Its been disputed since 2009 when payments also stopped.

 

Tried to negotiate a reduced payment plan as financial situation was dire but they piled interest on which was higher than the payments being made and when I requested a CCA they then sent me to their debt collectors and been on the DCA merry go round ever since.

 

it was sold to Capquest but also now owned by LLoyds???? Not sure if Halifax and Lloyds merged.

 

Yes there are interest and charges on there but no PPI. Im not sure what you mean by a credit card Proper?

 

Do I then reply to Drydensfairfax stating that the prescribed terms are missing and therefore they cannot enforce in court?

 

Ok so have started to draft a letter with a little help from another thread. Would this suffice?

 

"

Thank you for your letter dated 8th September 2014. This account is in dispute and has been for many years. Capquest nor halifax have been unable to supply me with true copies of the properly executed Regulated consumer credit Card Agreement in relation to the alleged Account. Unfortunately neither responses have produced any evidence that the Agreement is Enforceable.

 

The alleged Agreement appears to be unenforceable for the following reasons:

 

1. The document is an Application Form and neither carry the correct title if they are to be considered suitable as becoming Agreements once properly executed. The missing Title being 'Credit Card Agreement Regulated by The Consumer Credit Act 1974.'

 

2. I am entitled to receive a true copy of the Agreement and such true copies must be easily legible. The agreement is not a true copy, nor is it easily legible. Various parts of the copies are defaced and are out of sequence the first page states page 4 of 8, the back of this states page 3 of 8, quite clearly it has been cut and pasted together. Both are also hard to read due to poor quality copying. Furthermore where are the missing 6 pages???

 

 

3. The agreement must contain the prescribed terms within the four corners of the agreement, the agreement does not have the prescribed terms within the four corners in fact it does not contain any of the Prescribed terms and furthermore no where on the front is there any reference to terms and conditions being stapled on the reverse.

 

You should be aware that a creditor is not permitted to take ANY

action against an account whilst it remains in dispute.

 

The lack of a credit agreement is a very clear dispute and as such the following applies.

 

* You may not demand any payment on the account, nor am I obliged to offer any payment to you.
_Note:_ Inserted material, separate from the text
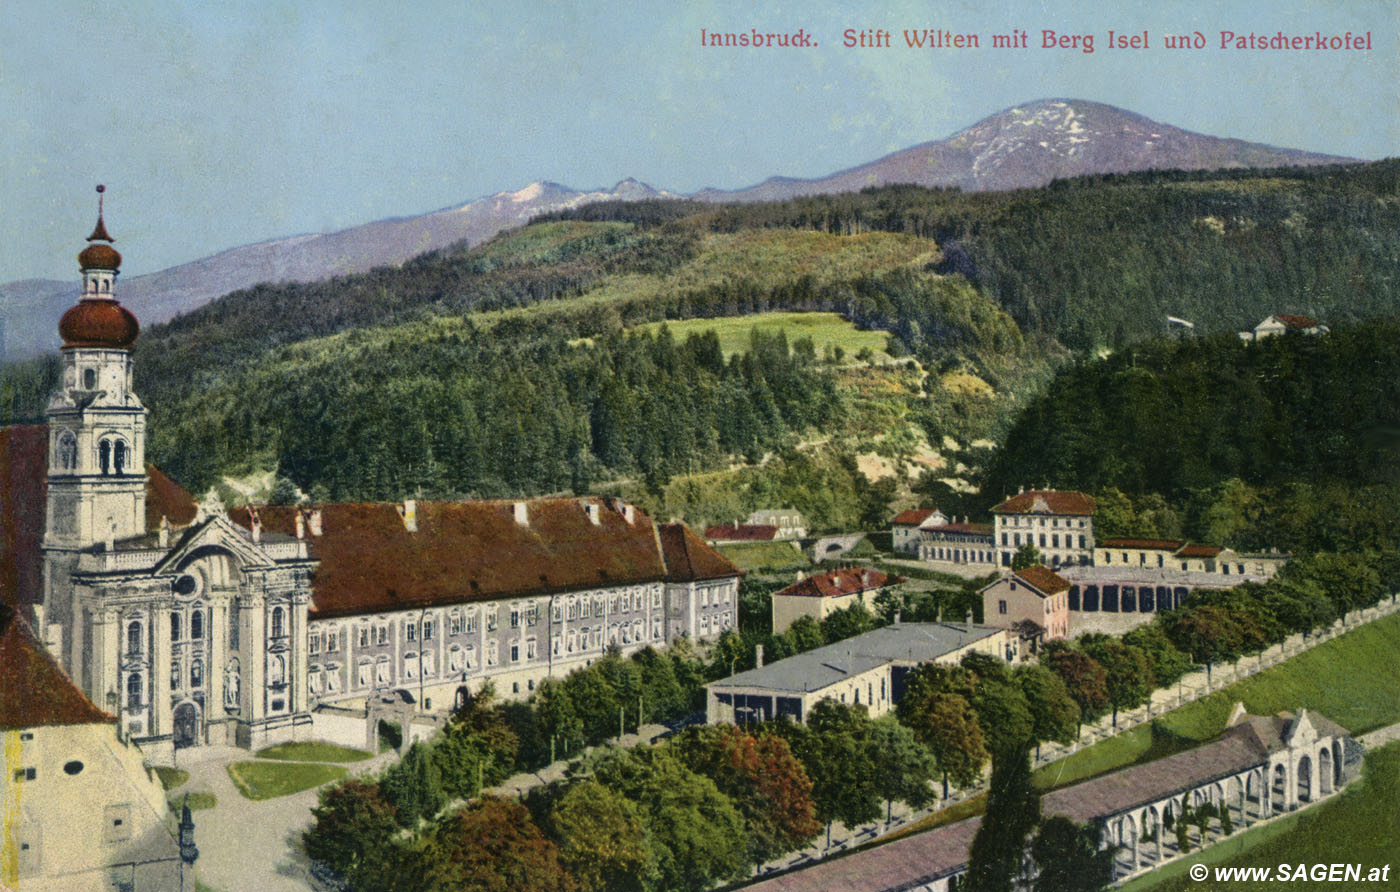 Innsbruck. Stift Wilten mit Berg Isel und Patscherkofel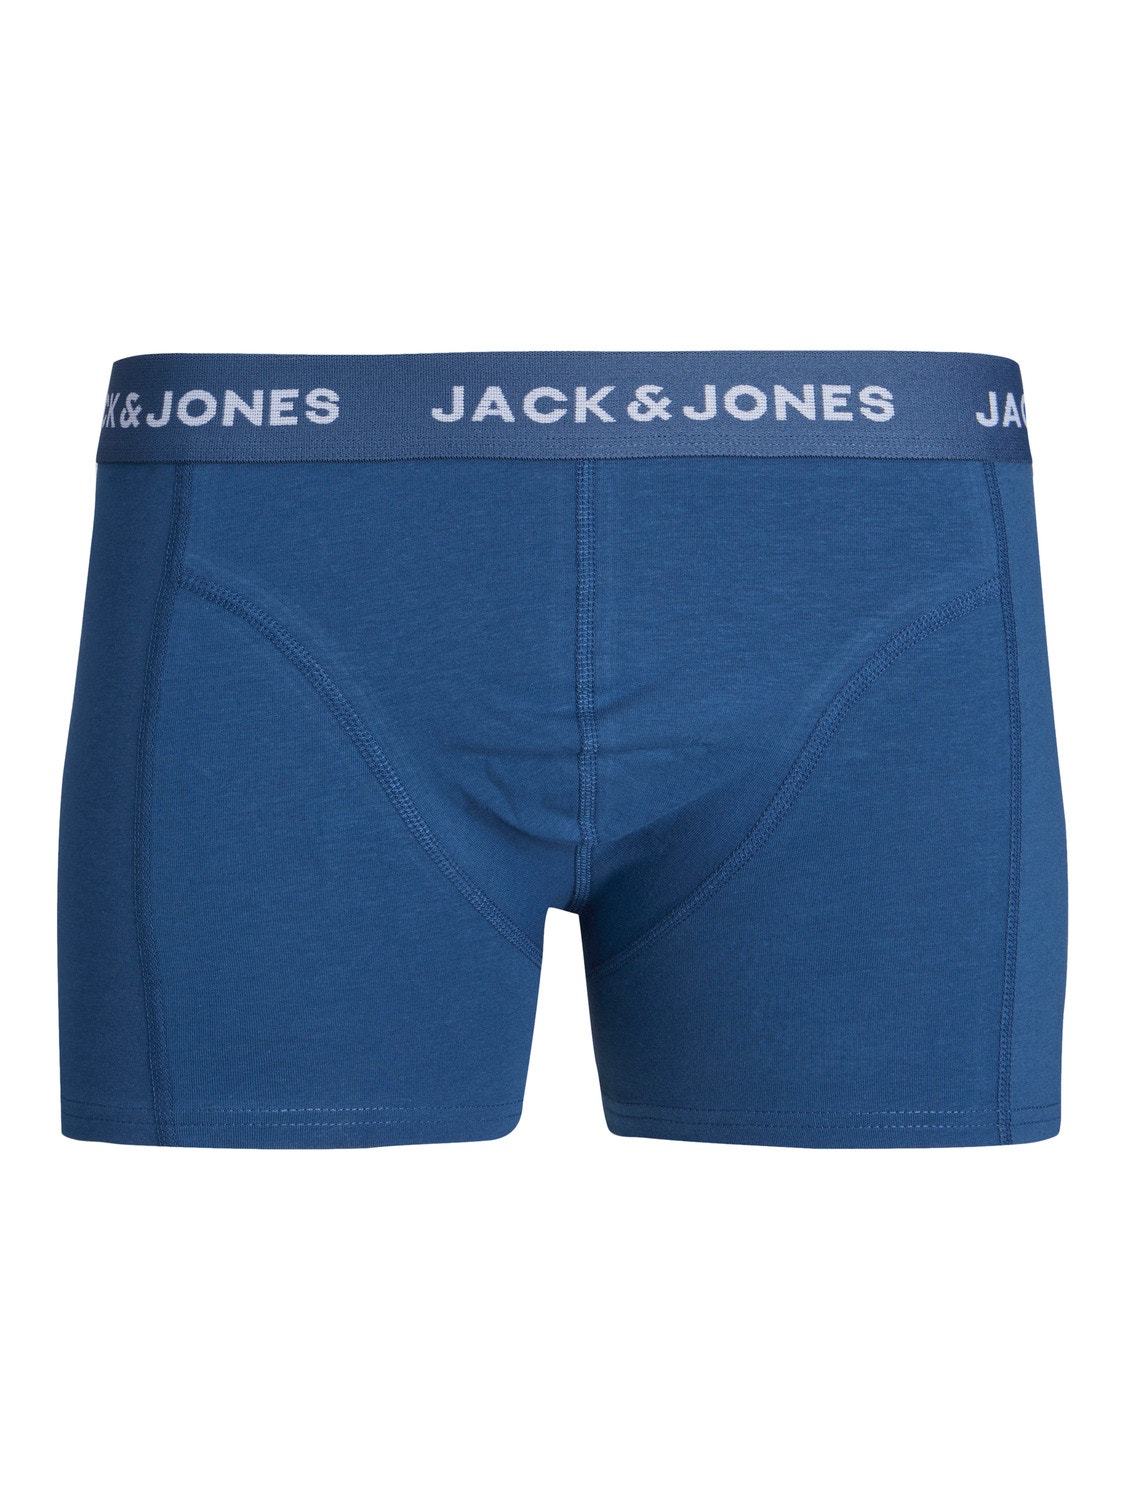 Jack & Jones Confezione da 3 Boxer -Dark Green - 12250206

* You may not add further interest or any charges to the account.

* You may not pass the account to a third party.

* You may not register any information in respect of the account with any credit reference agency.

* You may not issue a default notice related to the account.

 

I reserve the right to report your actions to any such regulatory authorities as I see fit including but not limited to Trading Standards, the Office of Fair Trading, the Information Commissioners Office, The Financial Ombudsman Service and my MP .

 

 

If you have the original of my alleged agreement available I request that I be allowed to view it at your offices so I can verify it as the alleged document that I signed.

 

I must also remind you that any court action you may choose to take would require you to produce the original of the alleged agreement. I look foward to hearing from you within 7 days."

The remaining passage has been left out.